PROBLEM TO WORK ON:
Here are some records. Copy each one exactly.

DATA SECTION:
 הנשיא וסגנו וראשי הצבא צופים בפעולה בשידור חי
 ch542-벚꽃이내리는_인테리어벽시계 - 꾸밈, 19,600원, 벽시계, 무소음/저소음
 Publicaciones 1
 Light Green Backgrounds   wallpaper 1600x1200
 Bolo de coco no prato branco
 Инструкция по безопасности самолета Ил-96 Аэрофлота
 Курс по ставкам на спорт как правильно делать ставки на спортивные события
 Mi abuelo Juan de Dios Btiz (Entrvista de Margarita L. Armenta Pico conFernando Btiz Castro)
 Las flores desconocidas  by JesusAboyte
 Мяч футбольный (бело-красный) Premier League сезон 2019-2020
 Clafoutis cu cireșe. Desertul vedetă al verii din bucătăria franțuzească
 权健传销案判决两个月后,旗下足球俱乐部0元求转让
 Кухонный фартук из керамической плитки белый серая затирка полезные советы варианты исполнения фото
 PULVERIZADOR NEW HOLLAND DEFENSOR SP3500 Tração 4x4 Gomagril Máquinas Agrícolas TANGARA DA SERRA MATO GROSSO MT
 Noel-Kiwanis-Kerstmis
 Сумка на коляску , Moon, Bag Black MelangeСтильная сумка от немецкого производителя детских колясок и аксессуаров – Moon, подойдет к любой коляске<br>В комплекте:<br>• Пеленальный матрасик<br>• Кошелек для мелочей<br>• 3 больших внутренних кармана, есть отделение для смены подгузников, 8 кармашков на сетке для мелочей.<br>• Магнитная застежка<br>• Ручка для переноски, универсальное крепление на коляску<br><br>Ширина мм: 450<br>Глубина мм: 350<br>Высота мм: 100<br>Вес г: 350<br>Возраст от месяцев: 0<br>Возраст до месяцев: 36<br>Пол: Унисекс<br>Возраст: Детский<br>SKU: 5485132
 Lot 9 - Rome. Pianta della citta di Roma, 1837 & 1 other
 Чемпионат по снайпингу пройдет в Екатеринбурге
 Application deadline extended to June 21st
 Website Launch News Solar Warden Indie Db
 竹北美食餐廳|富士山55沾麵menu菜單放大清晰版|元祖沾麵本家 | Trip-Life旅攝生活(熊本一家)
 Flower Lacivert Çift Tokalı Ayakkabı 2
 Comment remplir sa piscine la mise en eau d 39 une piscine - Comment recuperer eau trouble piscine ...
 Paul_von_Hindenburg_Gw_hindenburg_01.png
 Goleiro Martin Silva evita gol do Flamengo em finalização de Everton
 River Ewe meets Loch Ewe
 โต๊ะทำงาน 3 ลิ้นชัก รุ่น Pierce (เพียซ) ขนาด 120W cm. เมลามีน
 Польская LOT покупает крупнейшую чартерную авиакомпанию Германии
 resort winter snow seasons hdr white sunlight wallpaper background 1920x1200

ANSWER FOR THIS EXERCISE:
 הנשיא וסגנו וראשי הצבא צופים בפעולה בשידור חי
 ch542-벚꽃이내리는_인테리어벽시계 - 꾸밈, 19,600원, 벽시계, 무소음/저소음
 Publicaciones 1
 Light Green Backgrounds   wallpaper 1600x1200
 Bolo de coco no prato branco
 Инструкция по безопасности самолета Ил-96 Аэрофлота
 Курс по ставкам на спорт как правильно делать ставки на спортивные события
 Mi abuelo Juan de Dios Btiz (Entrvista de Margarita L. Armenta Pico conFernando Btiz Castro)
 Las flores desconocidas  by JesusAboyte
 Мяч футбольный (бело-красный) Premier League сезон 2019-2020
 Clafoutis cu cireșe. Desertul vedetă al verii din bucătăria franțuzească
 权健传销案判决两个月后,旗下足球俱乐部0元求转让
 Кухонный фартук из керамической плитки белый серая затирка полезные советы варианты исполнения фото
 PULVERIZADOR NEW HOLLAND DEFENSOR SP3500 Tração 4x4 Gomagril Máquinas Agrícolas TANGARA DA SERRA MATO GROSSO MT
 Noel-Kiwanis-Kerstmis
 Сумка на коляску , Moon, Bag Black MelangeСтильная сумка от немецкого производителя детских колясок и аксессуаров – Moon, подойдет к любой коляске<br>В комплекте:<br>• Пеленальный матрасик<br>• Кошелек для мелочей<br>• 3 больших внутренних кармана, есть отделение для смены подгузников, 8 кармашков на сетке для мелочей.<br>• Магнитная застежка<br>• Ручка для переноски, универсальное крепление на коляску<br><br>Ширина мм: 450<br>Глубина мм: 350<br>Высота мм: 100<br>Вес г: 350<br>Возраст от месяцев: 0<br>Возраст до месяцев: 36<br>Пол: Унисекс<br>Возраст: Детский<br>SKU: 5485132
 Lot 9 - Rome. Pianta della citta di Roma, 1837 & 1 other
 Чемпионат по снайпингу пройдет в Екатеринбурге
 Application deadline extended to June 21st
 Website Launch News Solar Warden Indie Db
 竹北美食餐廳|富士山55沾麵menu菜單放大清晰版|元祖沾麵本家 | Trip-Life旅攝生活(熊本一家)
 Flower Lacivert Çift Tokalı Ayakkabı 2
 Comment remplir sa piscine la mise en eau d 39 une piscine - Comment recuperer eau trouble piscine ...
 Paul_von_Hindenburg_Gw_hindenburg_01.png
 Goleiro Martin Silva evita gol do Flamengo em finalização de Everton
 River Ewe meets Loch Ewe
 โต๊ะทำงาน 3 ลิ้นชัก รุ่น Pierce (เพียซ) ขนาด 120W cm. เมลามีน
 Польская LOT покупает крупнейшую чартерную авиакомпанию Германии
 resort winter snow seasons hdr white sunlight wallpaper background 1920x1200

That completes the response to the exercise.